Alternatively, London's high progression rate might be because it contains a higher than average school/college ratio, and a larger proportion of students with characteristics that have high progression, as will be seen in the Student Characteristics section.
The local authority results broadly reflect the picture seen at regional level
Students in London boroughs are much more likely to progress to higher education or training than those in other local authorities. However, the heat map of progression at LA level reveals that in other regions progression is more likely in those LAs that cover dense urban areas, such as Birmingham, Bradford and Manchester.
The gender gap in progression to a level 4 or higher destination closed from 6 percentage points last year to 5, with 66% of female students progressing compared to 61% of male students. However, the gap in the progression score, which takes into account prior attainment and qualification type, increased slightly from 0.6 points last year to 1.0 points.
This progression score gap increases when only students of academic and applied general qualifications are considered, with female students on +1.1 and male students on -1.3. However, this trend reverses for students of tech levels, with female students on -4.7 and males on +3.6. A possible explanation for this might be that there are gender biases in the tech level subjects being chosen by the students, with some subjects more inclined to lead to higher education or training than others.
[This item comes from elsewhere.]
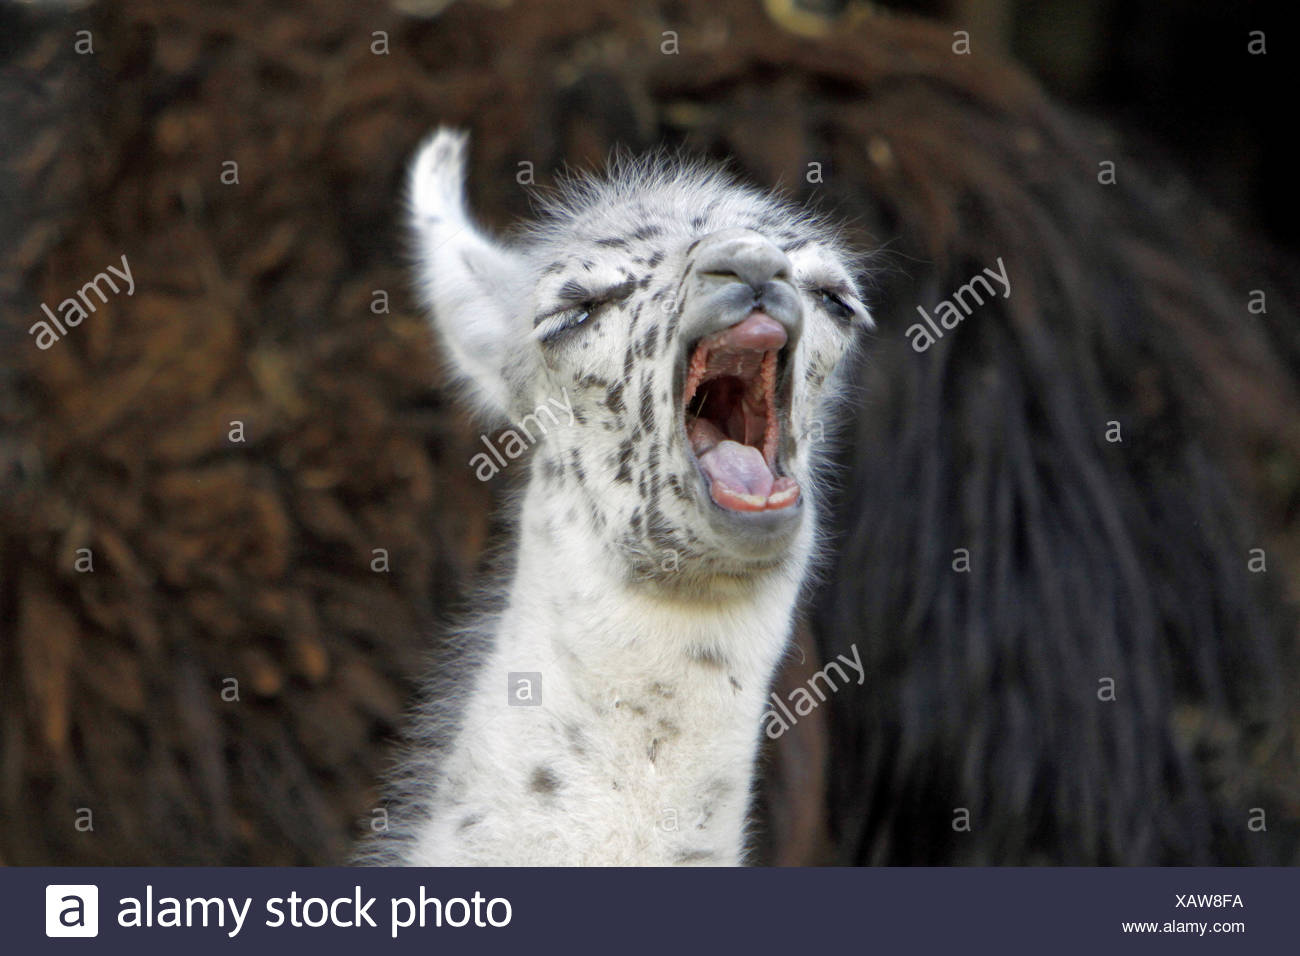 llama (Lama glama), portrait of a yawning pup - Stock Image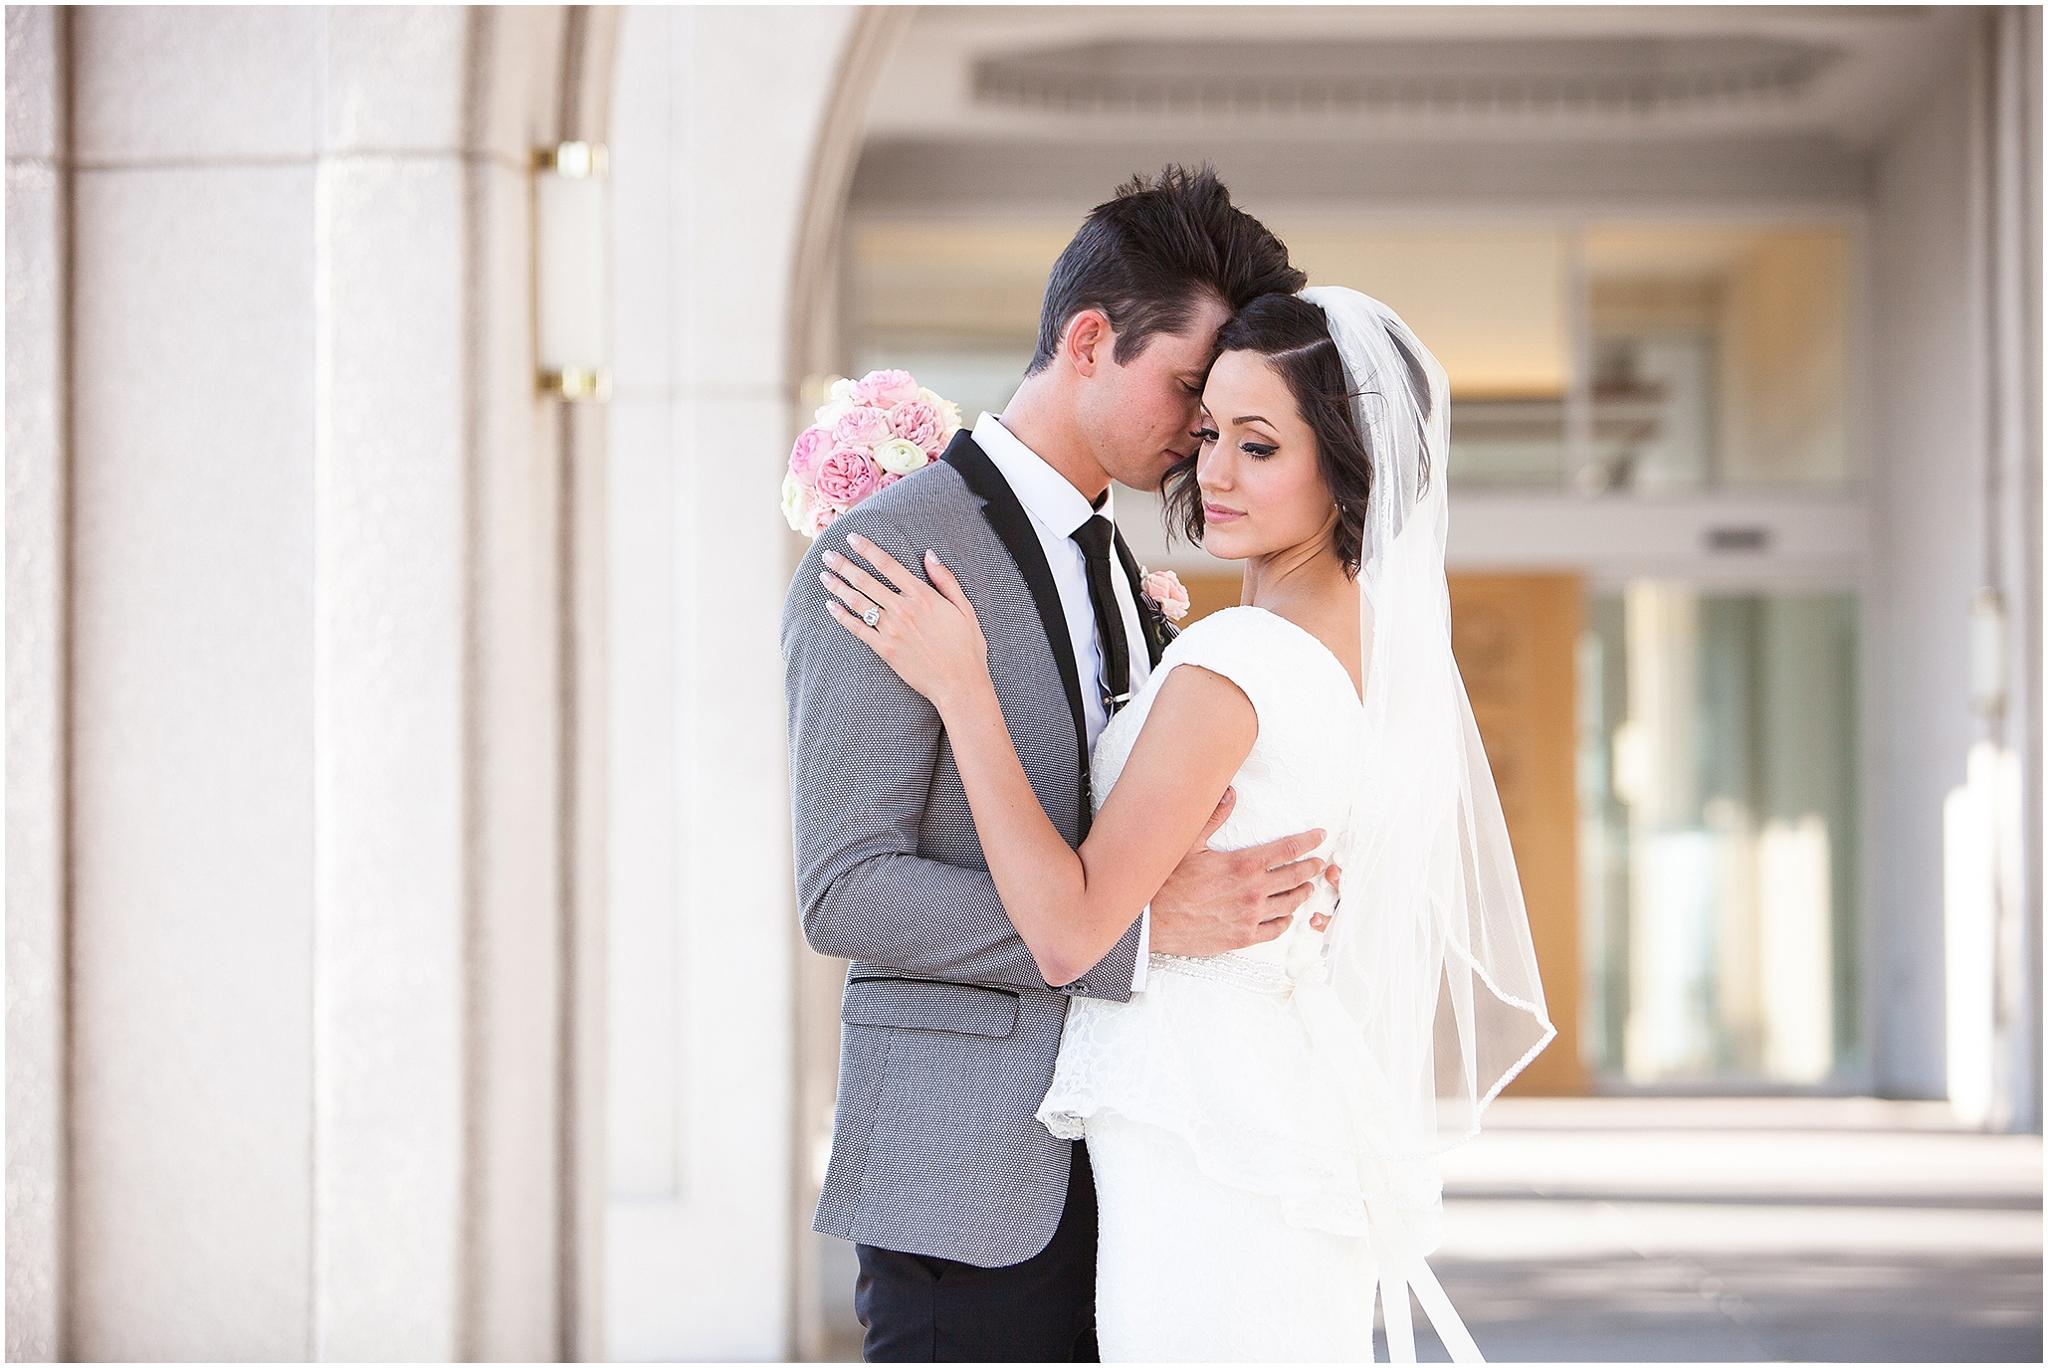 IMG_0037-Edit-102_Lizzie-B-Imagery-Utah-Wedding-Photographer-Salt-Lake-City-Park-City-timpanogos-Utah-Temple.jpg

Students in the white major ethnic group progress to higher education or training at a lower rate (60%) than all other ethnic groups besides unclassified. This progression rate is 27 percentage points behind the highest-progressing group (Chinese students, although this is a relatively small major ethnic group at 16 to 18 study with fewer than 2,000 students). The highest progression score of +19.4 was for students in the black or black British major ethnicity group.
Part of the explanation for these differences might be regional demographics. Students in the white major ethnic group, the lowest scoring, were more likely than other major ethnic groups to be completing their 16 to 18 study in regions that had negative progression scores (East of England, South East and South West). However, while a comparatively large proportion of the highest-scoring major ethnic group (black students) completed their 16 to 18 study at an institution in high-scoring London, region is unlikely to be the only explanation as students in the black, Asian and Chinese major ethnic groups progressed at a very high rate in regions outside of London too. It might be that part of the reason London performs so well in this measure is because it has high proportions of these high-progressing groups studying there.
Students of disadvantaged status are defined as being those eligible for pupil premium in year 11, including those receiving free school meals (FSM) and looked-after students. Students with no KS4 record are placed in “all other students”.
Students of disadvantaged status were less likely than other students to progress to higher education or training (59% for disadvantaged vs 65% for non-disadvantaged). However the progression score shows that after taking prior attainment and qualification type into account, students with disadvantaged status are actually 2.9 percentage points more likely to progress than their peers.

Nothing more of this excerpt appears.